REA Group Posts Resilient Third-Quarter Results
In the month of April, Australia’s new property listings fell approximately 5 per cent relative to the previous corresponding month. Statistics from SQM research revealed that the nation is presently 11.9 per cent lower on a year-to-date basis when the sector was experiencing a downturn. Firms like Charter Hall’s retail, Lendlease LLC are among the bigger players in the sector who have resorted to capital raisings. However, another player who has yet to follow suit is REA Group.
More recently, the firm has released its results for the third quarter of FY2020. REA Group successfully delivered a steady and improved performance in the quarter ended 31 March 2020. Specifically, in the three months, revenue excluding broker commissions edged up 1 per cent, sitting at $199.8 million. More notably, EBITDA posted an exceptional 8 per cent growth, finishing the quarter at $119.6 million. Collectively, these results reflect the steady recovery of the real estate sector before the outbreak of the pandemic.
The nation’s property market was making a steady 3 per cent rebound during the quarter as witnessed in the notable improvements in national residential listings led by gains in Sydney and Melbourne. Specifically, up till Mid-March, Sydney’s listings were up approximately 24 per cent while Melbourne’s listing posted a 15 per cent increase. However, having accounted for the effects of the pandemic, Australia’s national residential listing plunged 7 per cent for the quarter. Specifically, Melbourne and Sydney were the outperformers, advancing 6 and 5 per cent respectively.
REA Group generates its revenue from online commercial property and real estate advertising services. REA’s website, realestate.com.au, continues to be the firm’s rising star, coming in first place in terms of audience engagement. A further look into the figures reveals that in the month of February, the website received a massive 93.5 million visits, 18 per cent higher YoY. Additionally, REA’s app witnessed a record number of launches in February, sitting close to 39 million – a 26 per cent increase YoY.

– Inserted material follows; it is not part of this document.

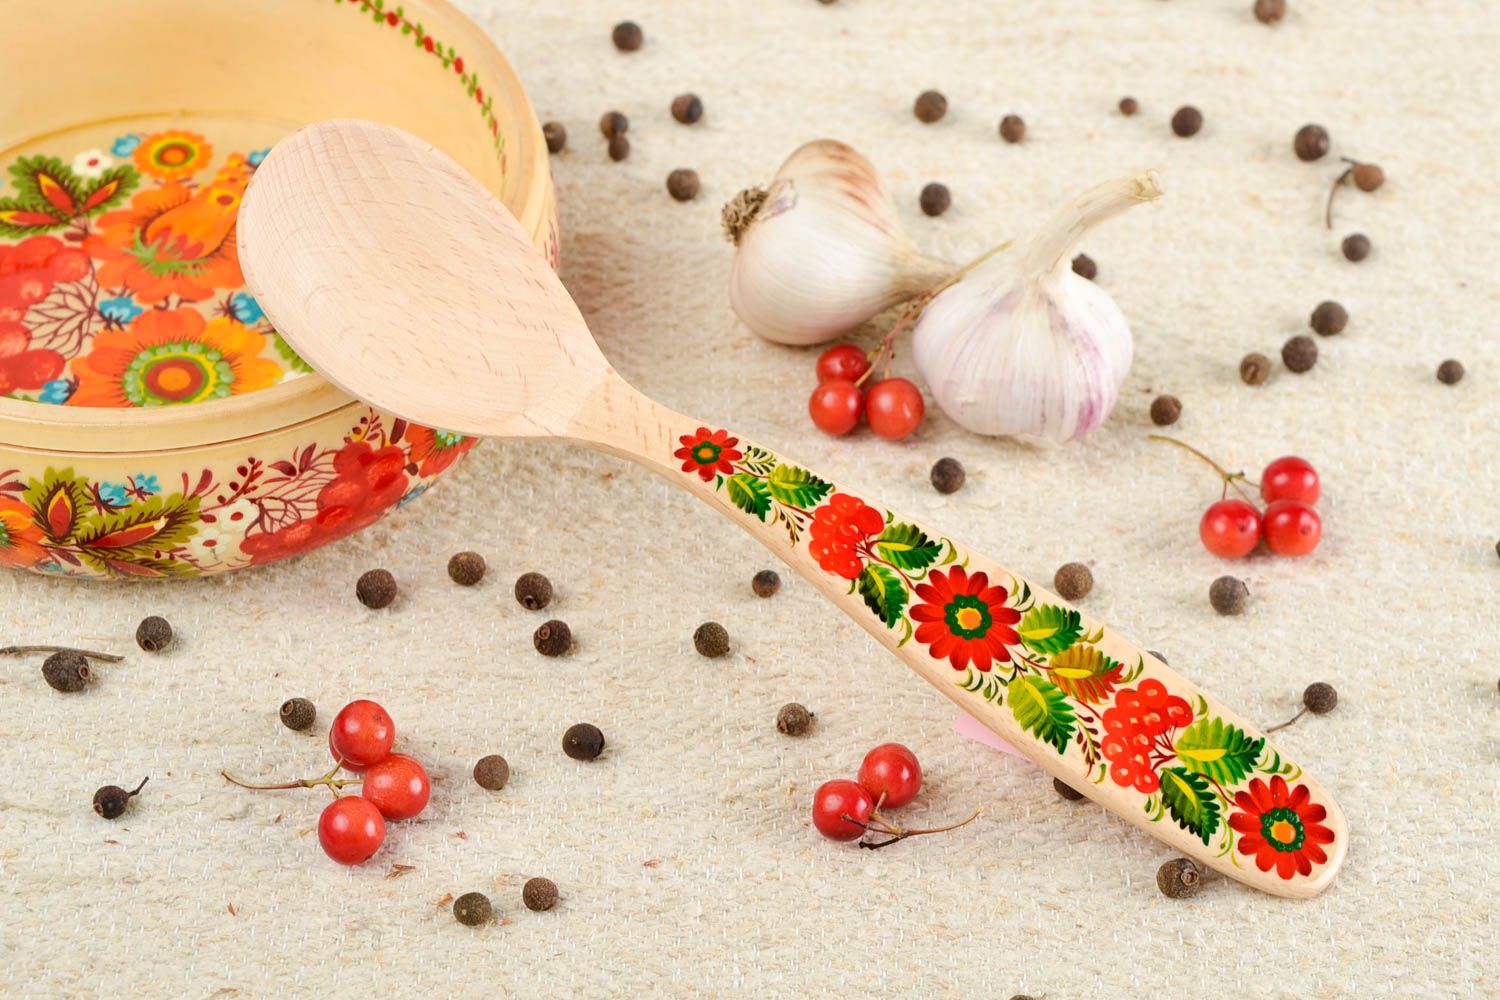 Handmade cute wooden spoon stylish painted spoon unusual kitchen accessory photo 1

From a broader perspective, REA Group continues to perform in other parts of the world it operates in. Despite the disruptions in Hong Kong at the start of the year, the robust growth in acquisitions in Malaysia helped offset the loss. Nevertheless, both Hong Kong and Malaysia were able to maintain their position as a market leader. This is evident as, within their respective jurisdictions, REA Group was 1.5 times and 1.1 times their closest competitor.

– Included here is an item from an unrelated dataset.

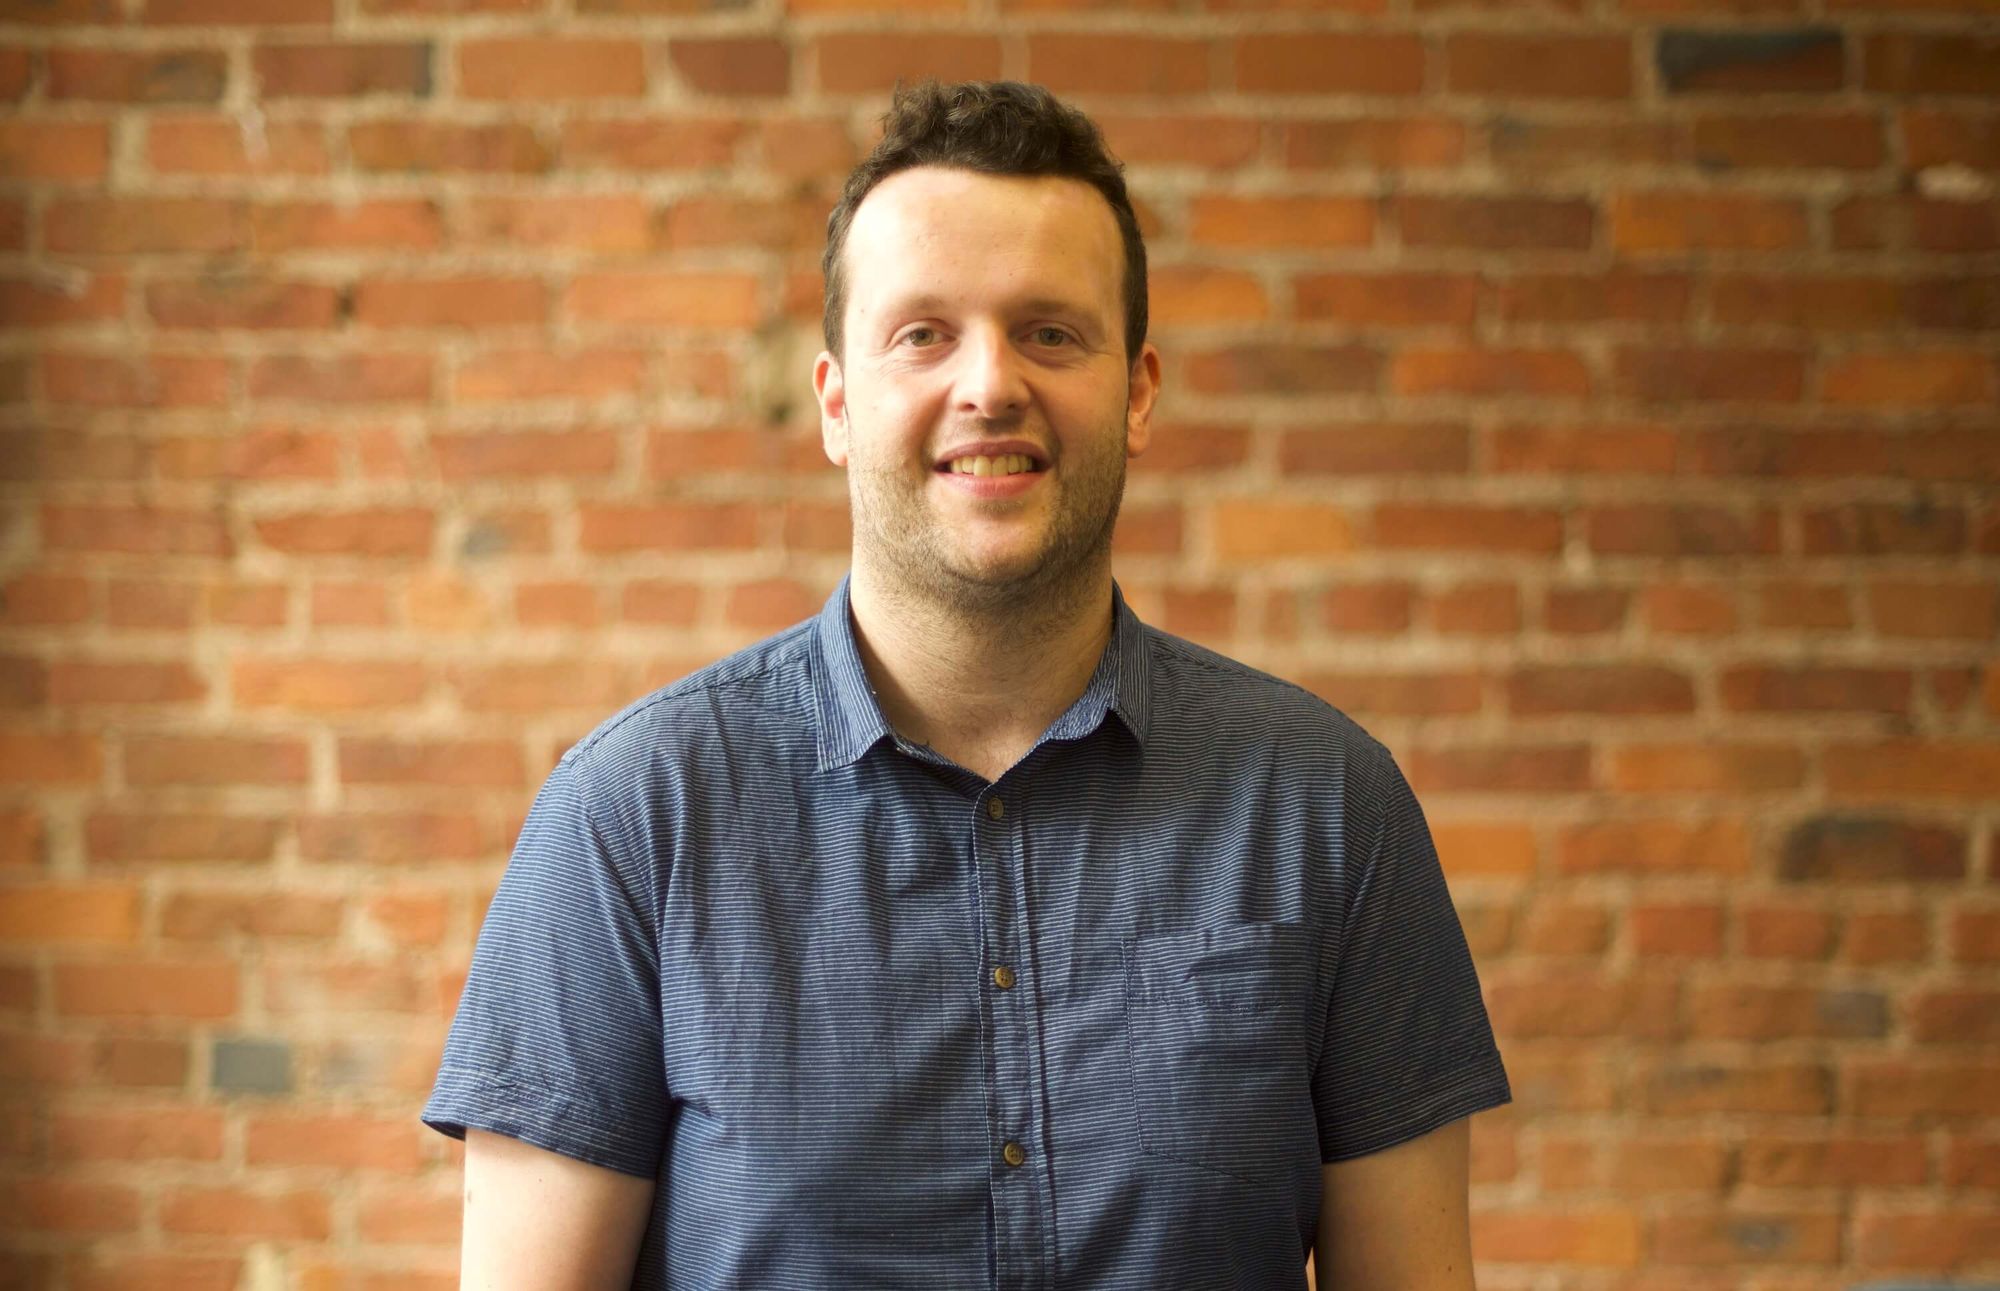 A Rowley good addition: Welcoming Jonathan Rowley to the RotaCloud team!

Additionally, in Singapore, the joint venture between REA and 99.co was finalised at the end of February. The partnership represents an attempt to build the largest property online platform for investors in Singapore and Indonesia. Moving forward, the firm will undeniably face significant headwinds as a result of current economic uncertainty. Yet, alongside cost-savings measures and a robust balance sheet, Chief Executive Owen Wilson remains confident of weathering the storm.